**DATASET SECTION:**
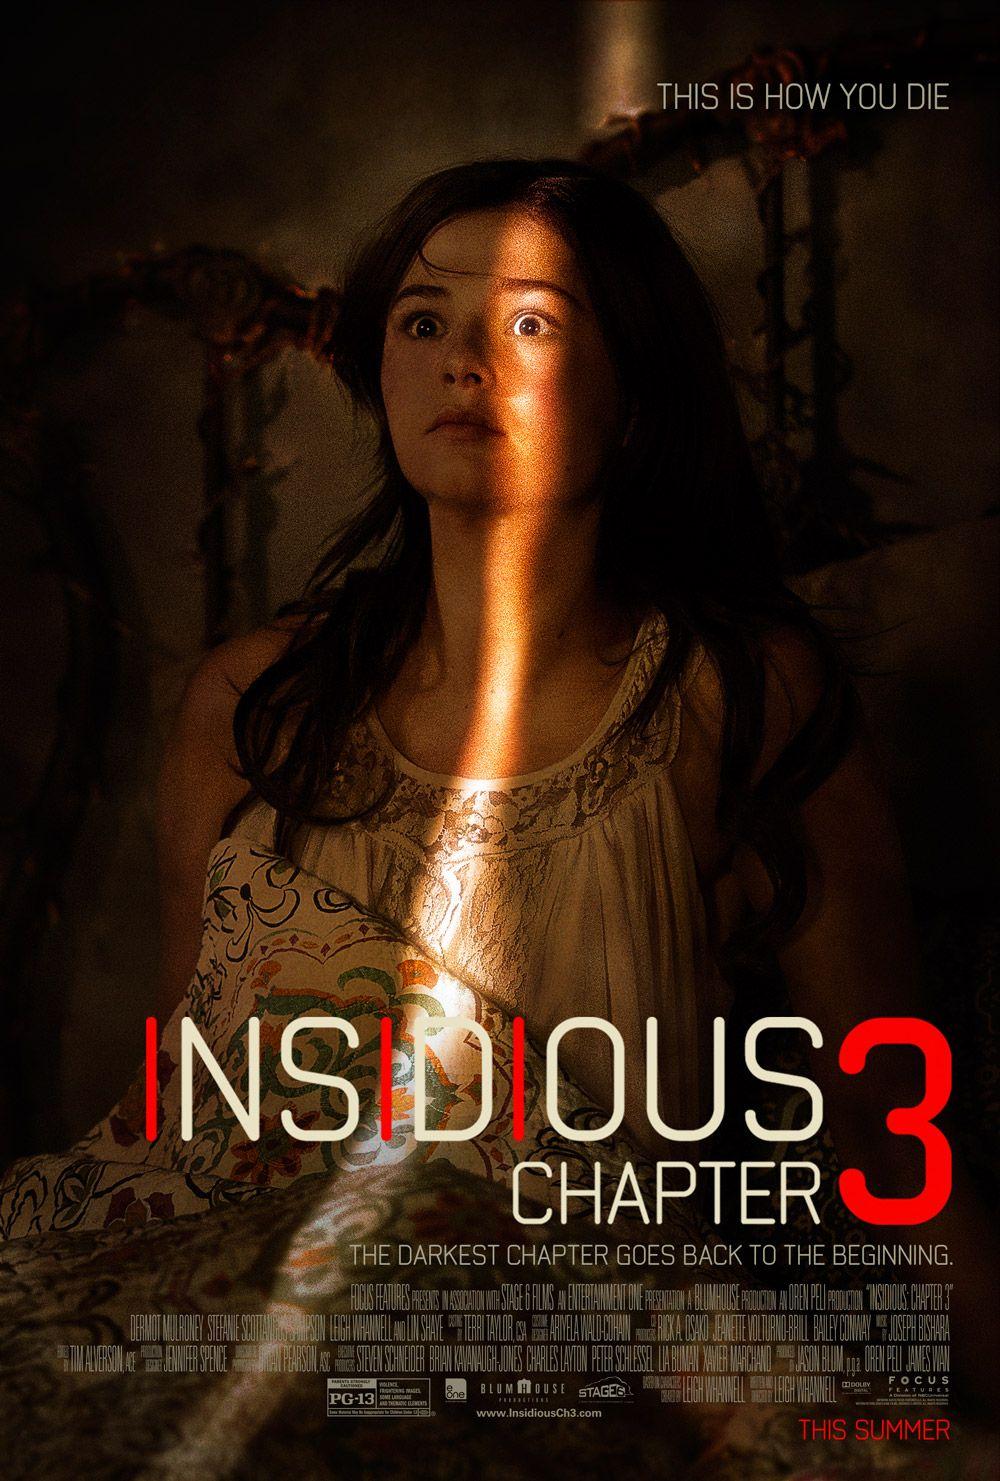 Horror Sales Insidious 3 Makes 10 000 000 Opening Night Is 1 At The Box Office Horror Society Insidious Movie Thriller Movies Insidious
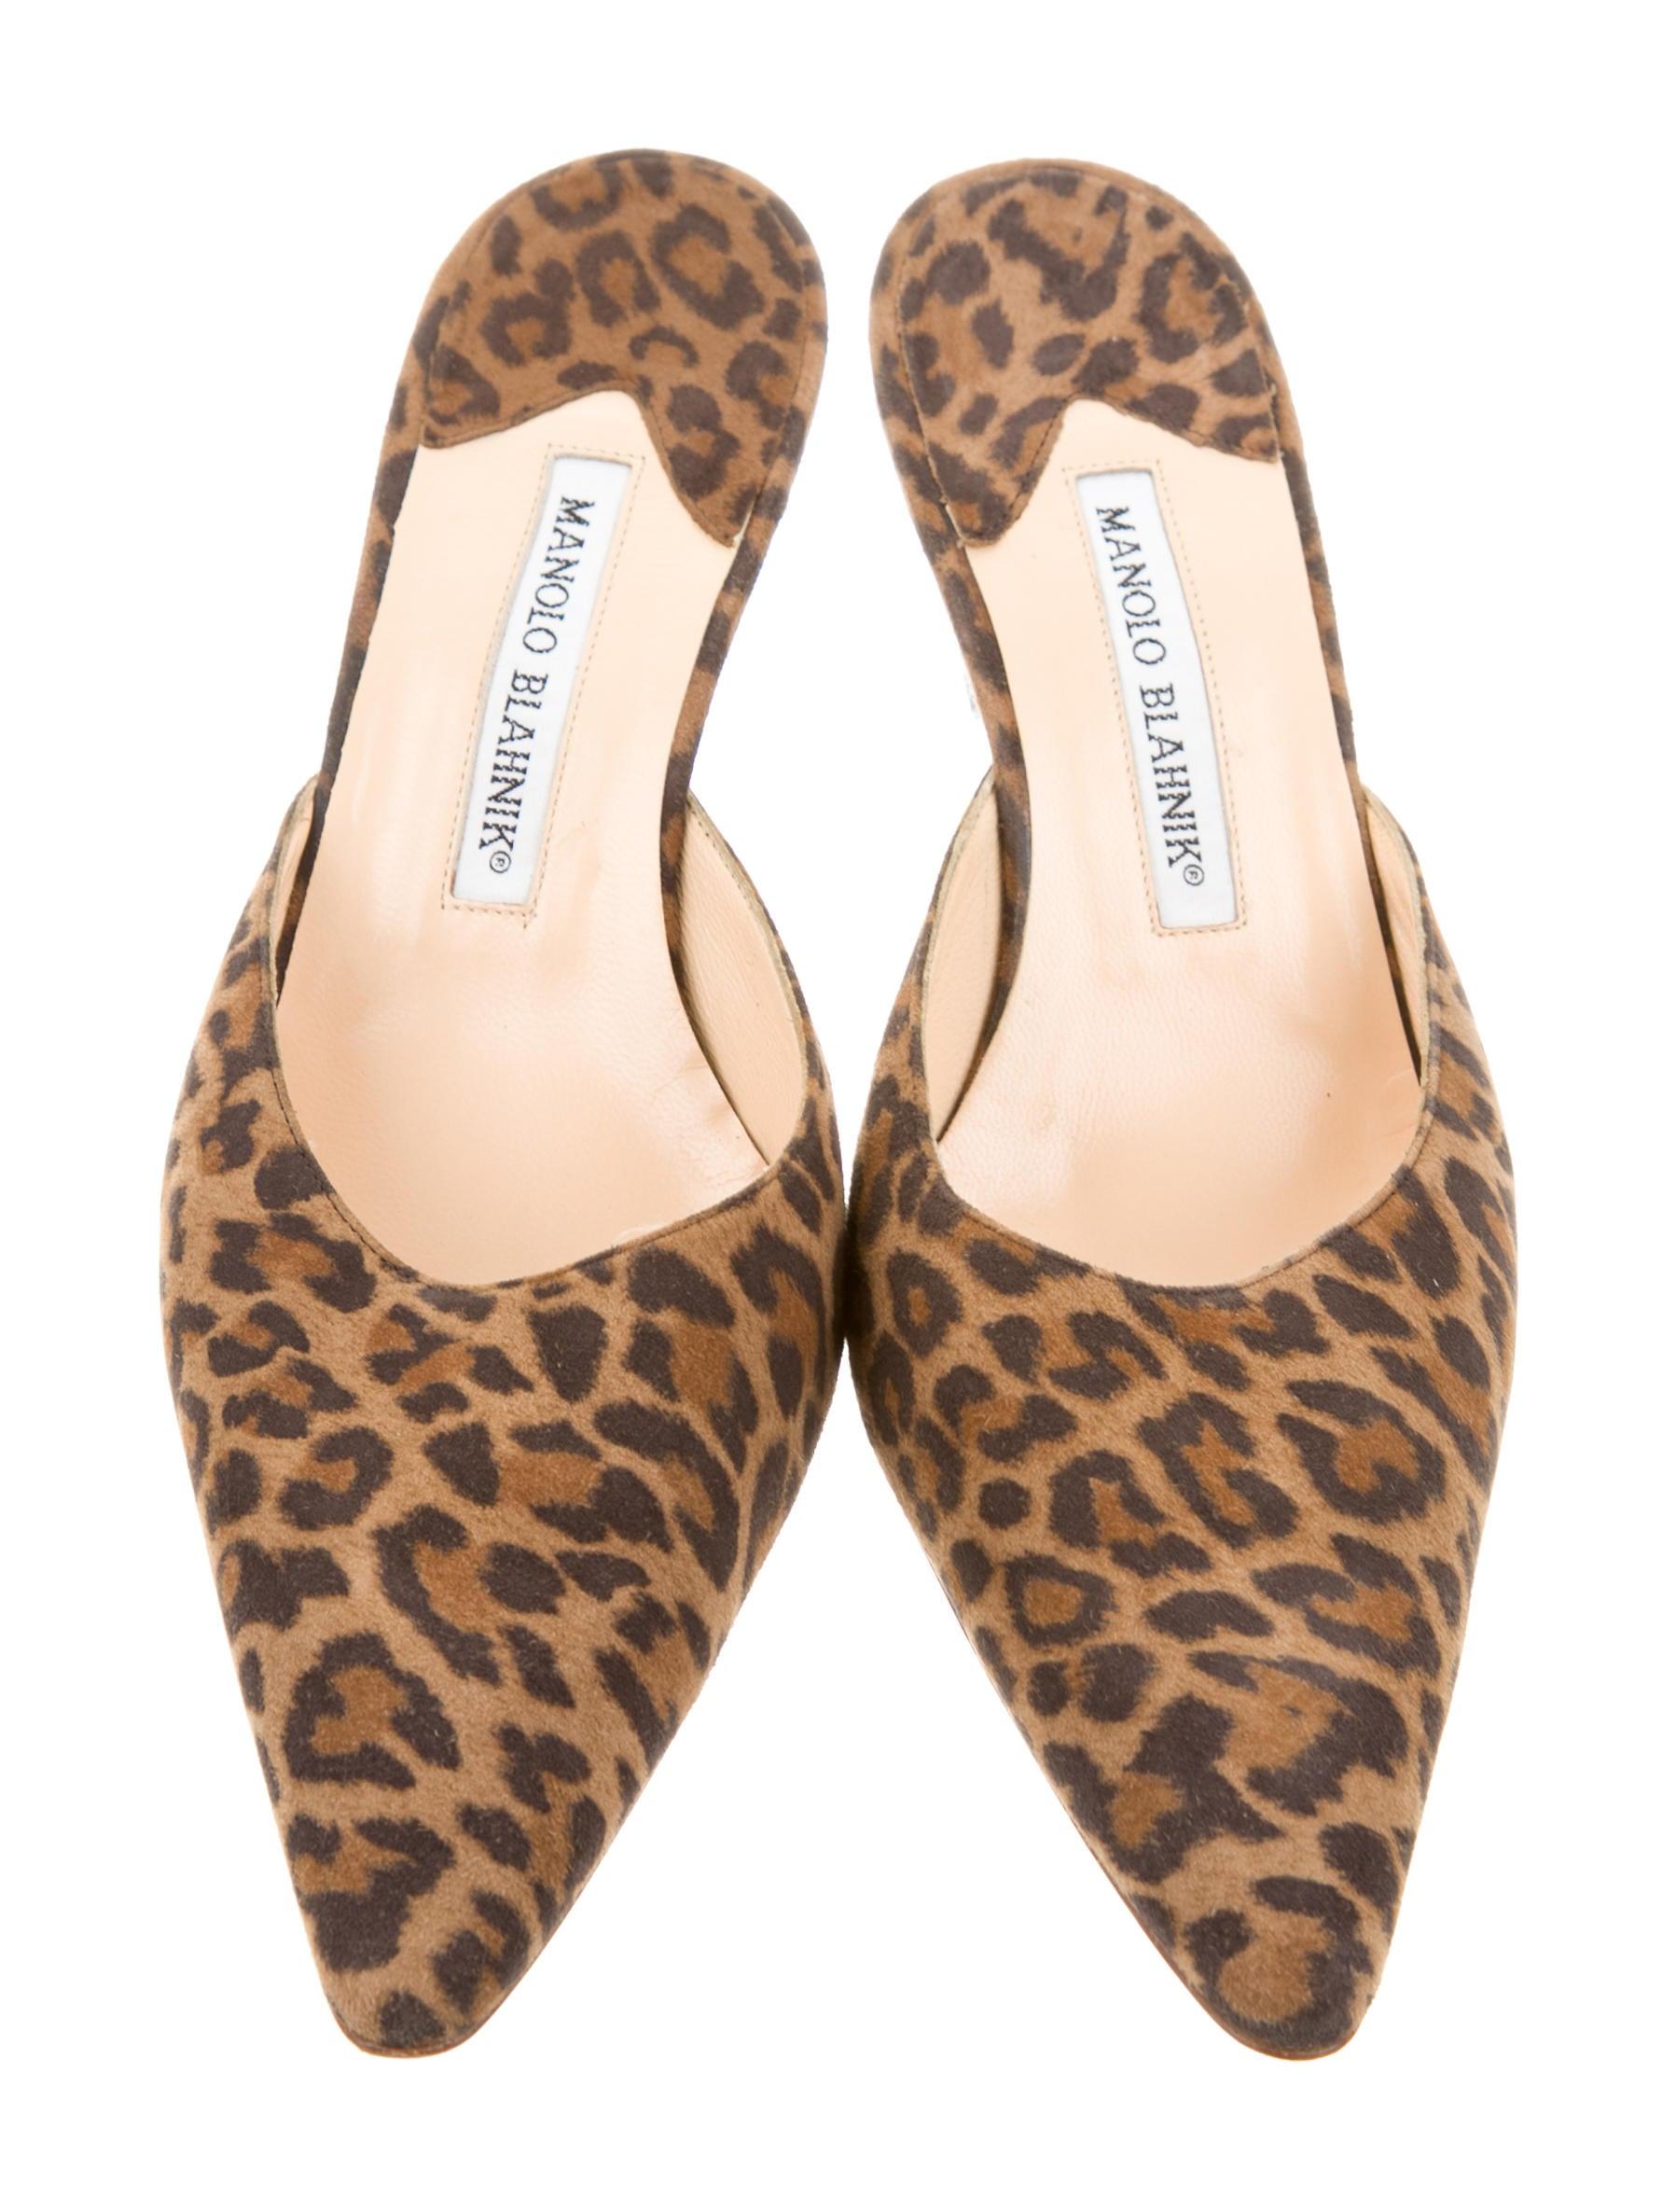 Manolo Blahnik Leopard Print Mules - Shoes - MOO60538 ...
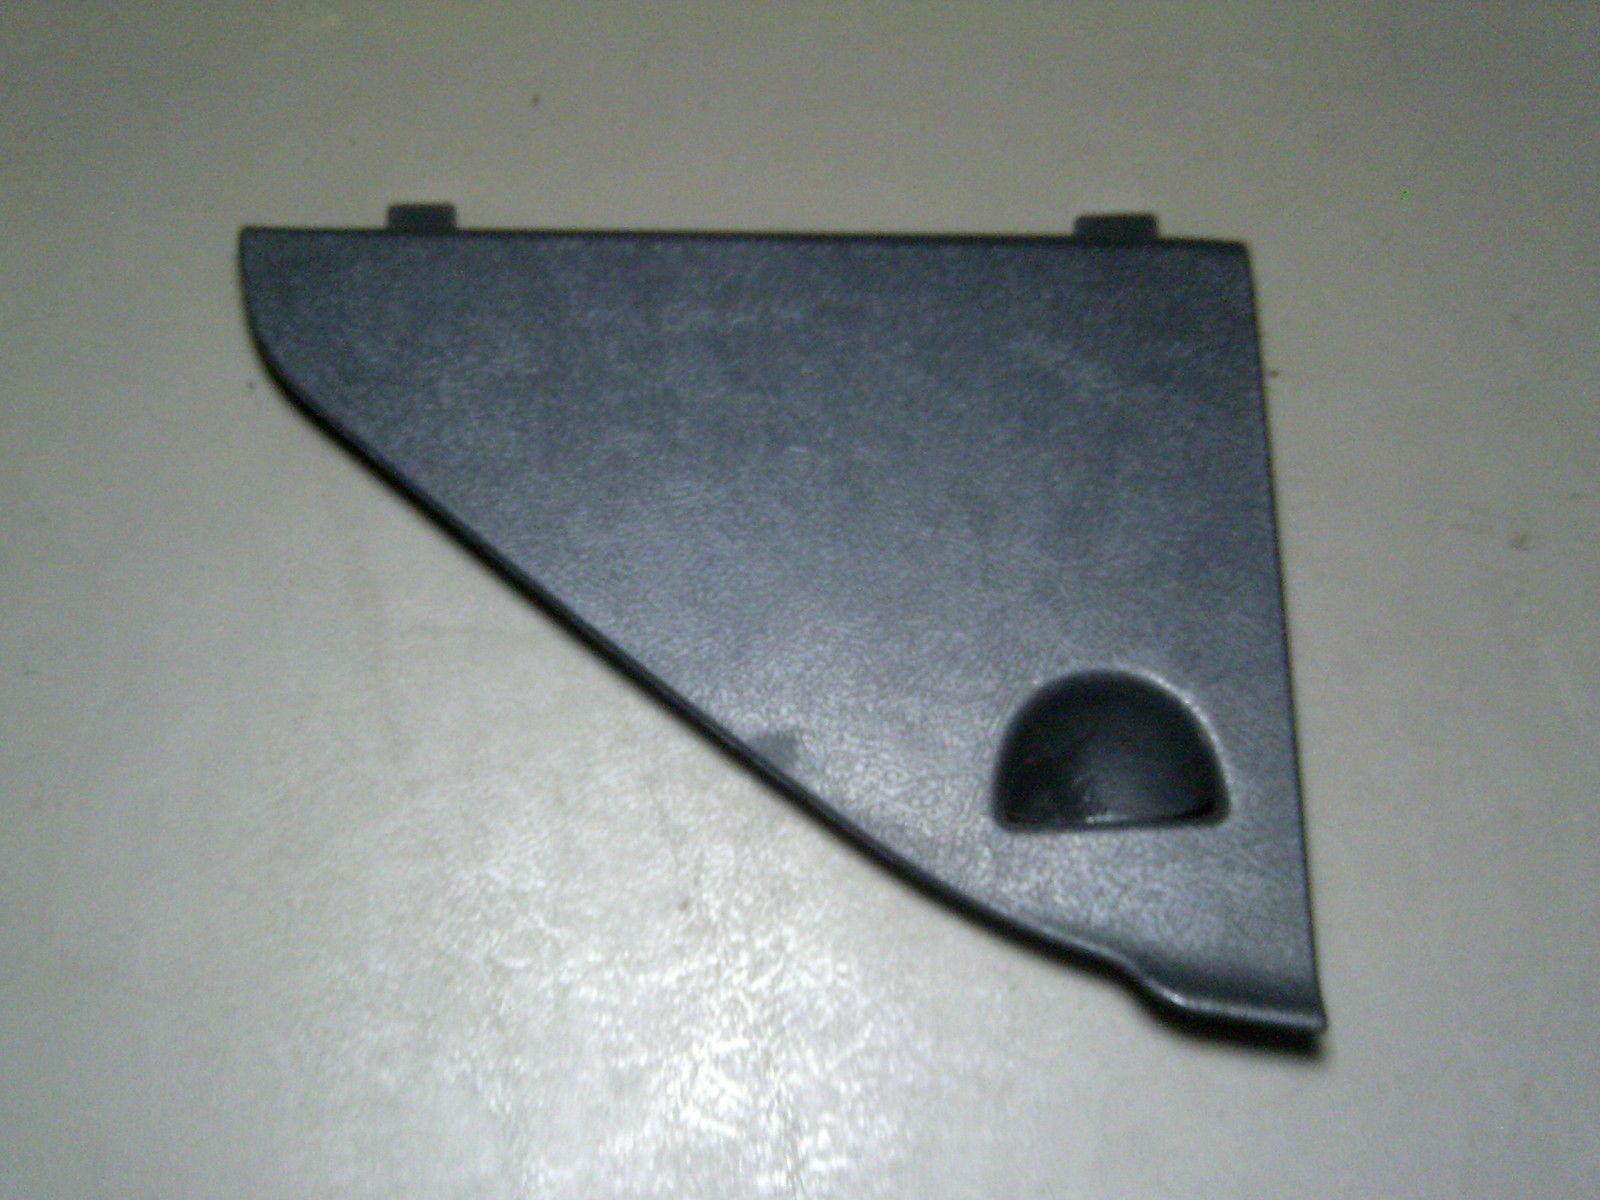 Fuse Box Door : Buick skylark under dash fuse box fusebox trim

**DESCRIPTION OF THE TASK:**
Here the lines from the one with "Manolo Blahnik Leopard" through the last line of the data above need to be repeated exactly, both included, and any picture omitted.

**WRITTEN SOLUTION:**
 Manolo Blahnik Leopard Print Mules - Shoes - MOO60538 ...
 Fuse Box Door : Buick skylark under dash fuse box fusebox trim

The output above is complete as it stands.